Ее ответ прозвучал уверенно и спокойно. Паркер отвел взгляд и закрыл глаза.
— Не стоило спрашивать. Это не мое дело.
— Могу рассказать. — Она засмеялась, и это удивило его. Она перевернулась на бок и смотрела ему в лицо. — В сущности, и рассказывать-то нечего. С мужчинами мне не везло. Сама виновата. Выбирала парней, которые были либо не готовы, либо не способны выражать свои чувства.

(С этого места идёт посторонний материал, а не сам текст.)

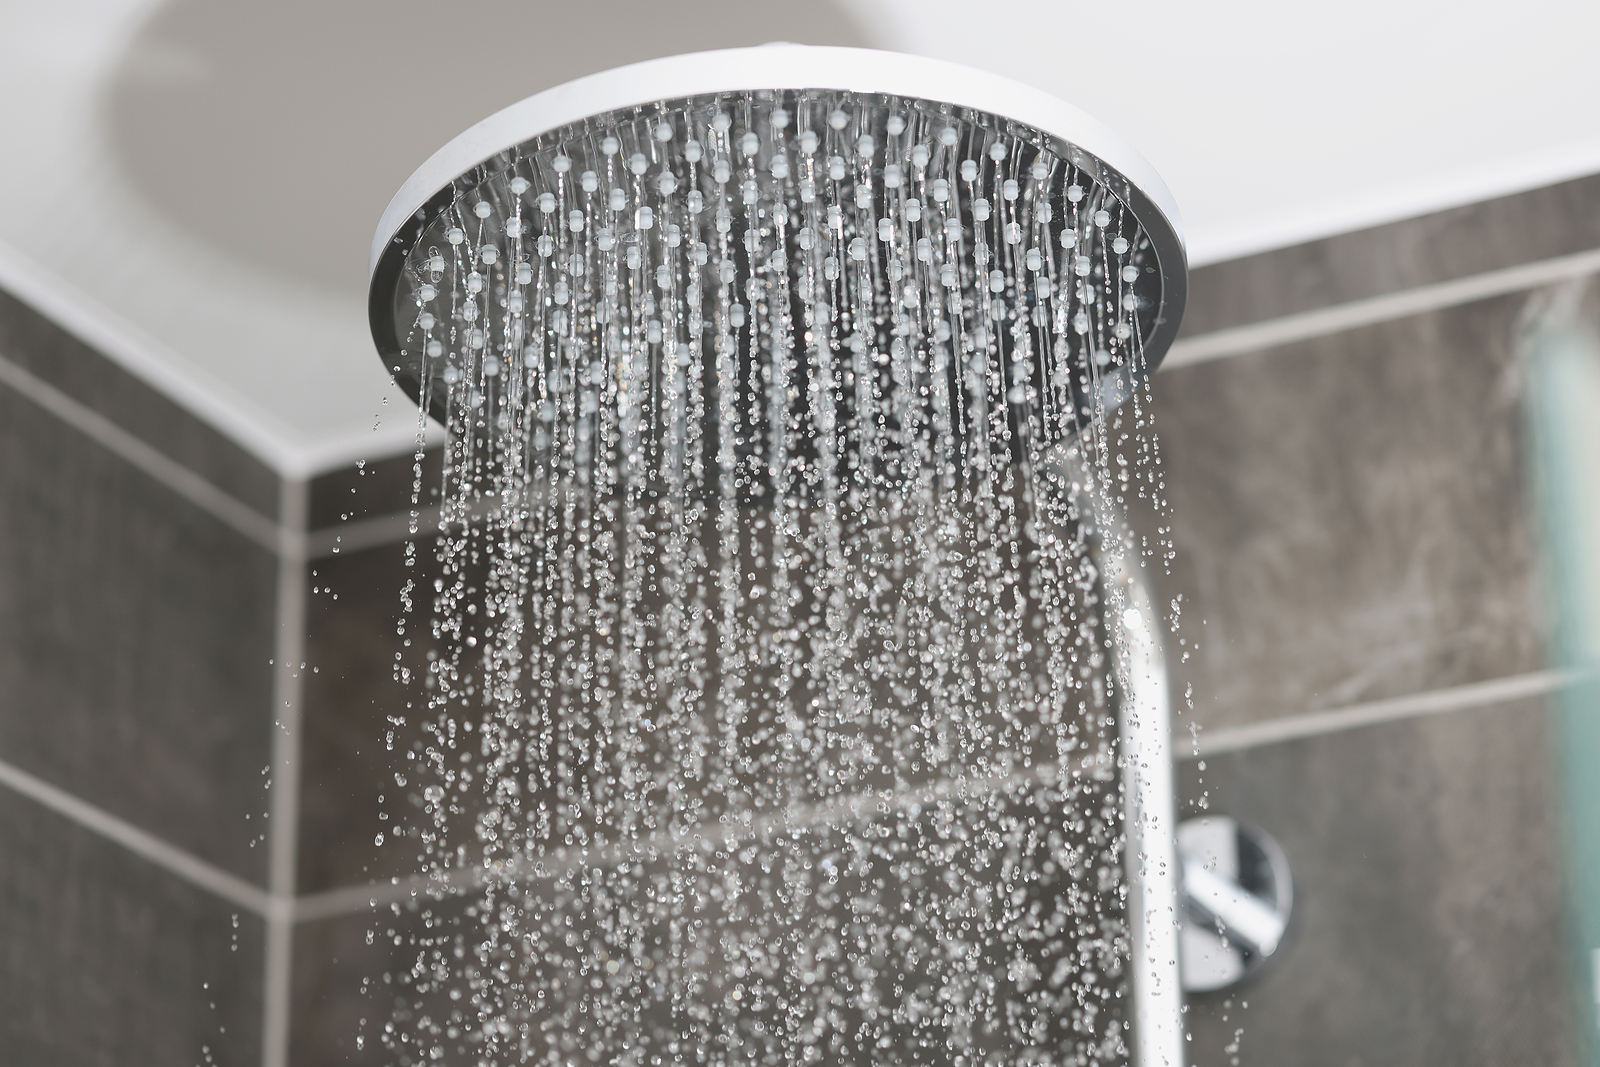 Drainage Systems, Sink and Shower Drains

— Возможно, именно так думают обо мне женщины. — Признаваться в этом ему было не очень-то приятно. Гордиться подобным определением явно не стоило. — В Нью-Йорке я встретил женщину, которая мне действительно понравилась. Но после смерти отца наша связь прервалась. После смерти отца мои отношения с женщинами вообще изменились. Женщины, как я убедился, недолго остаются рядом, если с ними встречаешься раз в несколько недель.
— Женщины склонны к таким причудам. Если за ними постоянно не ухаживать, они чувствуют, что ими пренебрегают.
— Никогда я не относился к ним с пренебрежением. Просто был очень занят. После смерти отца вначале приводил все в порядок, затем учился торговому делу. Позже у меня возникла идея открыть магазины в Каламазу и Лансинге, и я взялся за претворение ее в жизнь. Вплоть до этого мая для меня было обычным делом работать каждый день до десяти, одиннадцати часов вечера, включая выходные.
— Настоящий трудоголик. Не удивительно, что твой организм не выдержал и попросил пощады.
— По словам моего врача, я стал одержим работой. Теперь мне надо научиться отдыхать. Играть в гольф, найти себе хобби.
— Принимать раз в день. Пожизненно, — сказала Эффи, тоном передразнивая врача и делая вид, что пишет рецепт. — Пациент должен играть в гольф, ездить на рыбалку, заниматься любовью.
Паркер усмехнулся.
— Последнее предписание мне нравится больше всего. Играть в гольф еще куда ни шло, но рыбачить для меня наказание. Утром я потратил на это три часа. Кроме меня, на озере были только чайки да комары. Рыба вся куда-то пропала. Во всяком случае, на мой крючок ни одна не попалась.
— Дедушка всегда говорил, что ты должен знать места на озере, где рыба ловится отлично.
— Я не забыл то время, когда он брал нас с собой на рыбалку. — Он притянул Эффи к себе. — Было очень весело.
— Однажды ты поймал много рыбы. Больше, чем я. — Она провела рукой по волосам на его груди. — Но ты жульничал.
— В чем это выражалось?
— Ты все время улыбался мне, и я не могла следить за поплавком. Вообще не могла думать о рыбалке.
— Ну, извини. Теперь ты обвинишь меня и в том, что упала с лошади, когда мы однажды катались на лошадях.
— А кого же еще?
— Может быть, все-таки того, кто решил встать на седло? Заметь, встать не в седле, а на седло.
— Ну и что? В цирке это делают постоянно. У меня бы все прекрасно получилось, если бы ты не оглянулся и не посмотрел на меня.
— Знаешь, а ты крепкий орешек. Тебя не переспоришь.
Паркер поцеловал ее в лоб, мыслями уносясь в тот день, когда он отправился с ней кататься на лошадях. Узнав, что отец собирался покататься с ней на лошадях, Эффи пришла в такой восторг, что вприпрыжку побежала сообщить ему эту новость. Часом позже она появилась у его коттеджа с опущенными плечами и потухшими глазами. Оказалось, что ее отцу позвонили, и ему пришлось изменить свои планы. Он вынужден был уехать раньше, чем предполагал. Катание на лошадях отменялось.
Паркеру стало жаль ее, и он предложил ей поехать кататься с ним.
— В тот день ты был моим Зачарованным Принцем, — сказала Эффи. — Помню, как ты соскочил с лошади и склонился надо мной. Вид у тебя был такой встревоженный. — Она улыбнулась. — Мне хотелось, чтобы ты поцеловал меня, но, конечно же, ты не поцеловал.